# Pore system shapes

Series Exploring for Oil and Gas Traps Treatise in Petroleum Geology Predicting the occurrence of oil and gas traps Predicting reservoir system quality and performance Dan J. Hartmann, Edward A. Beaumont Web page AAPG Store

## Archie and non-Archie rocks

Choquette and Pray's[1] porosity types include two different groups of pore system shapes: petrophysically simple Archie porosity and petrophysically complex non-Archie porosity.

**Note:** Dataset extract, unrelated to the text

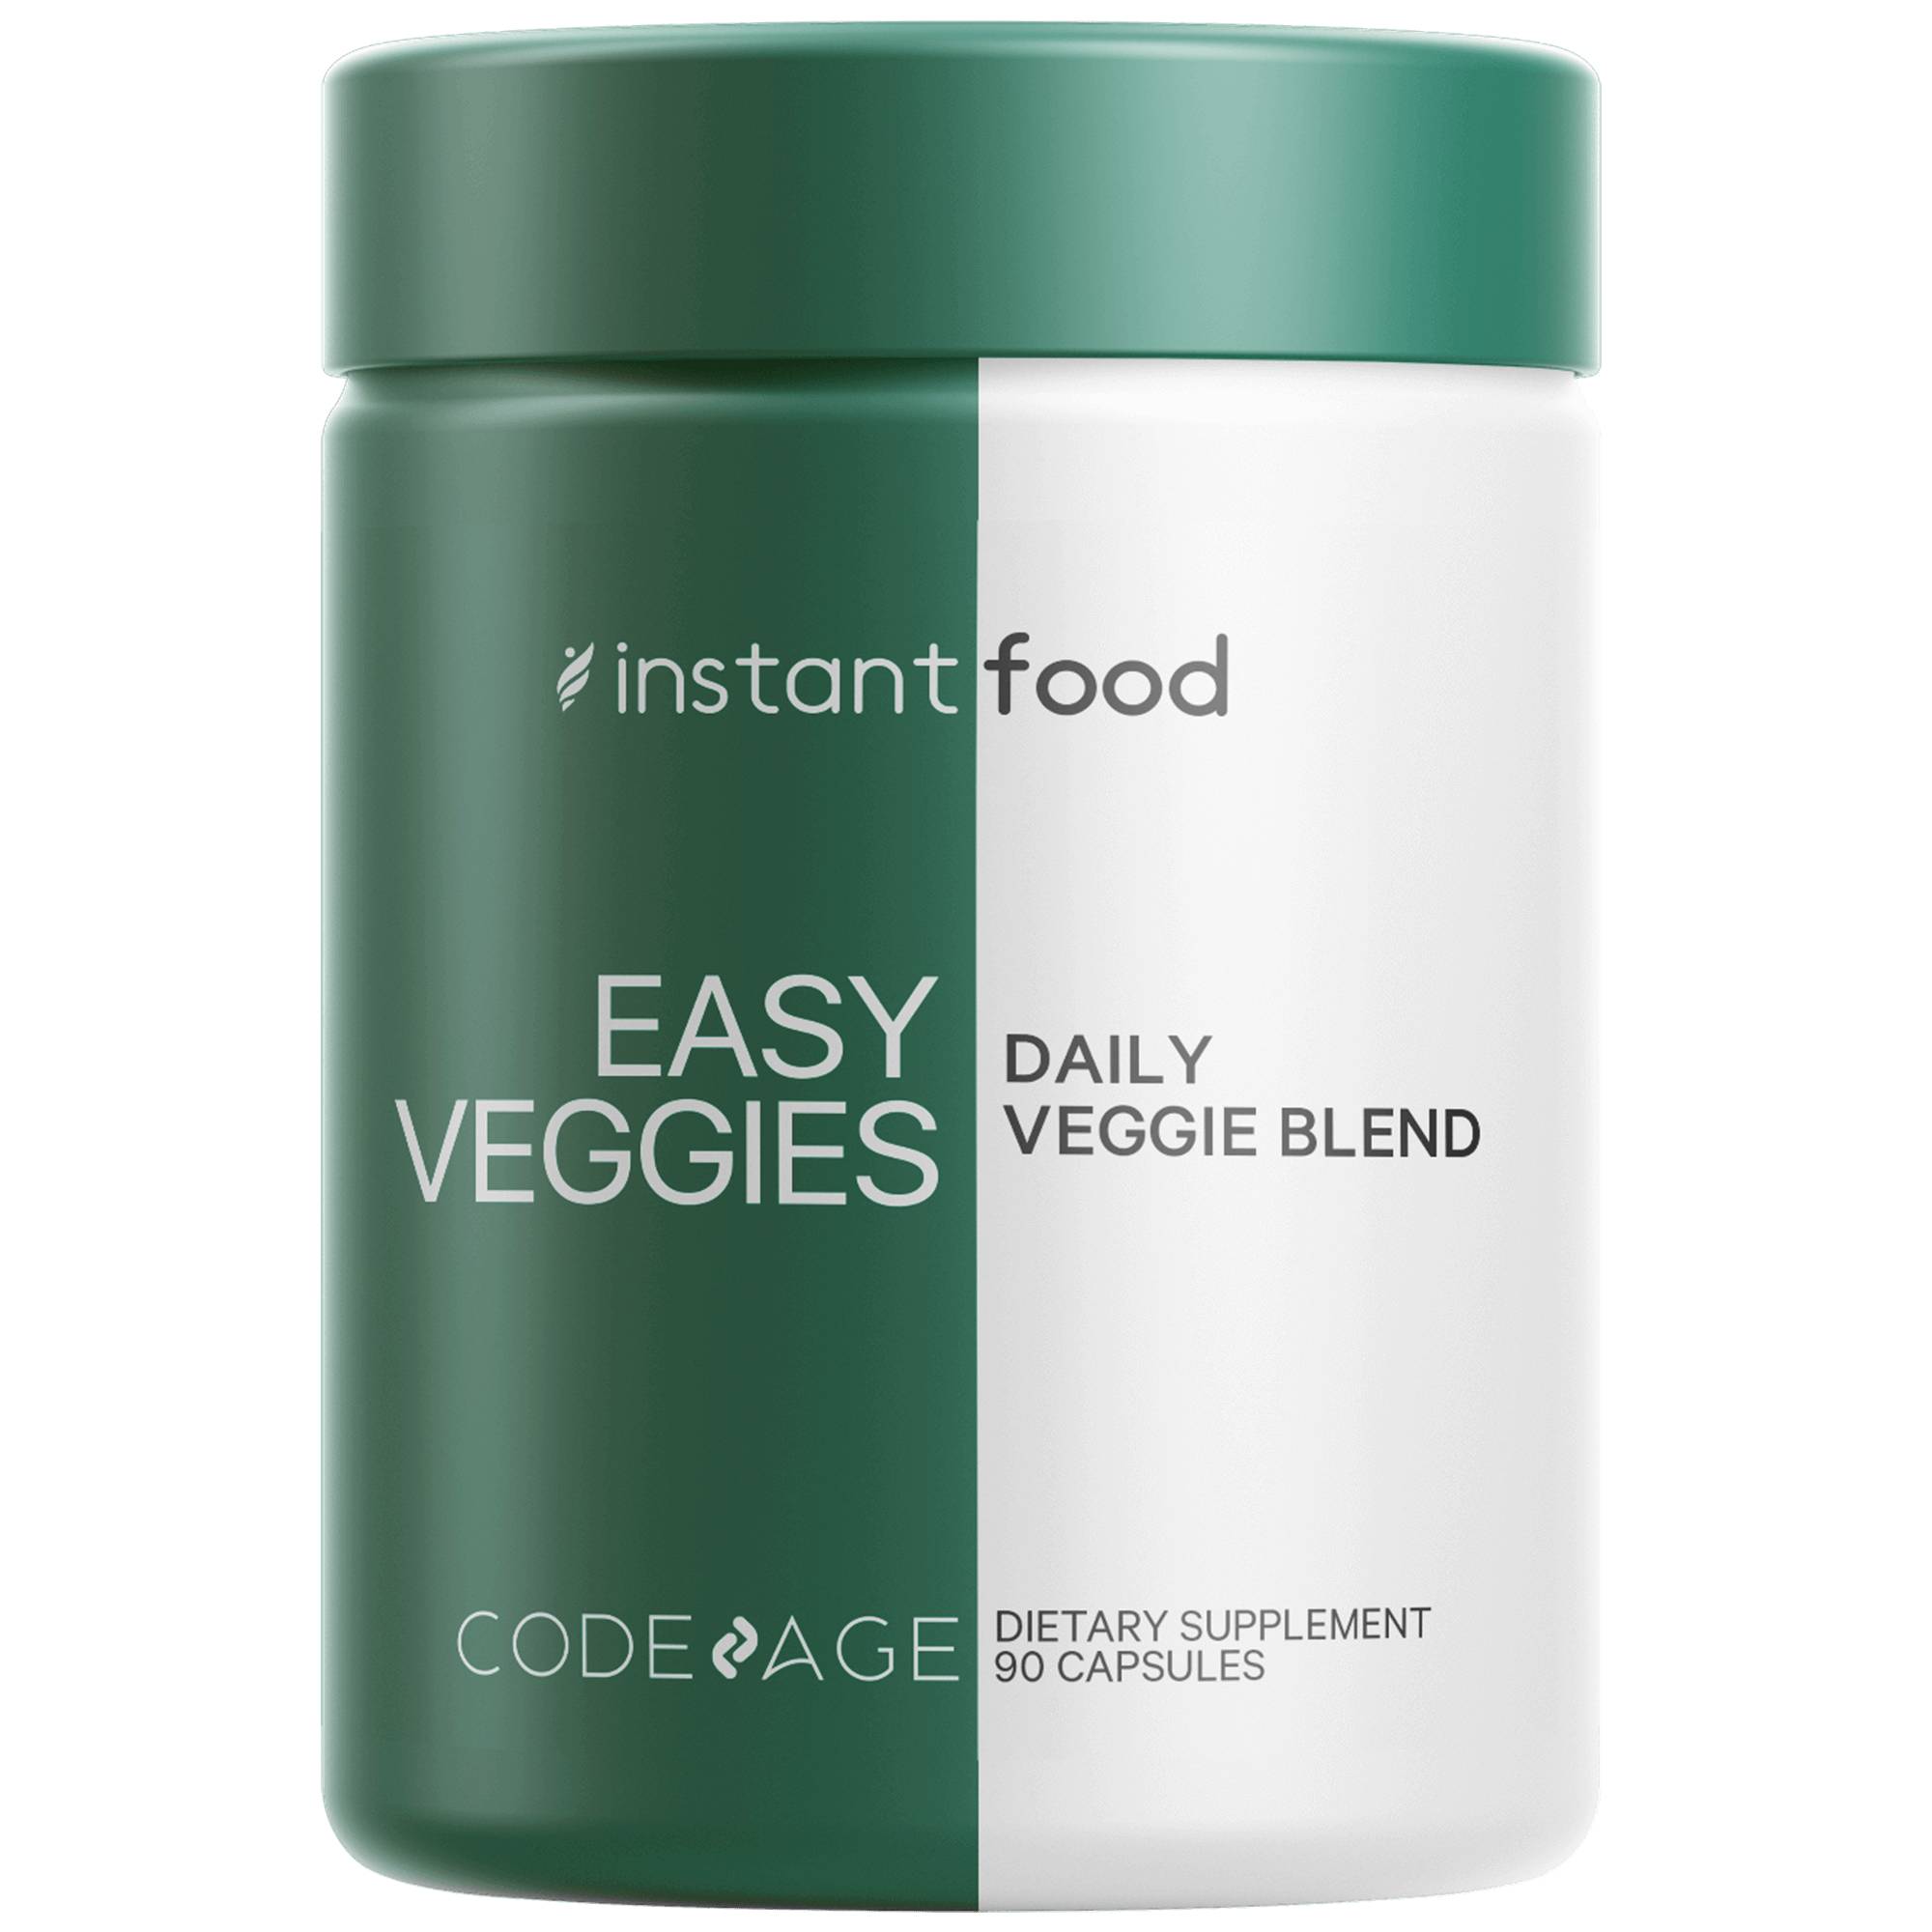 Instantfood Easy Veggies, Vegan Greens Vitamins Supplement Capsules, Whole Food Vegetables, 90CT

In most cases, water saturation (Sw) of rocks with Archie porosity can be predicted from log analysis using the Archie equation

${\mbox{S}}_{{{\rm {w}}}}=\left({\frac {1}{\Phi ^{{{\rm {m}}}}}}\times {\frac {{\mbox{R}}_{{{\rm {w}}}}}{{\mbox{R}}_{{{\rm {t}}}}}}\right)^{{{\rm {1/n}}}}$

where:

• Sw = water saturation of the uninvaded zone
• n = saturation exponent, which varies from 1.8 to 4.0 but normally is 2.0
• Rw = formation water resistivity at formation temperature
• Φ = porosity
• m = cementation exponent, which varies from 1.7 to 3.0 but normally is 2.0
• Rt = true resistivity of the formation, corrected for invasion, borehole, thin bed, and other effects

without modification. To predict water saturation in rocks with non-Archie porosity, we modify the Archie equation.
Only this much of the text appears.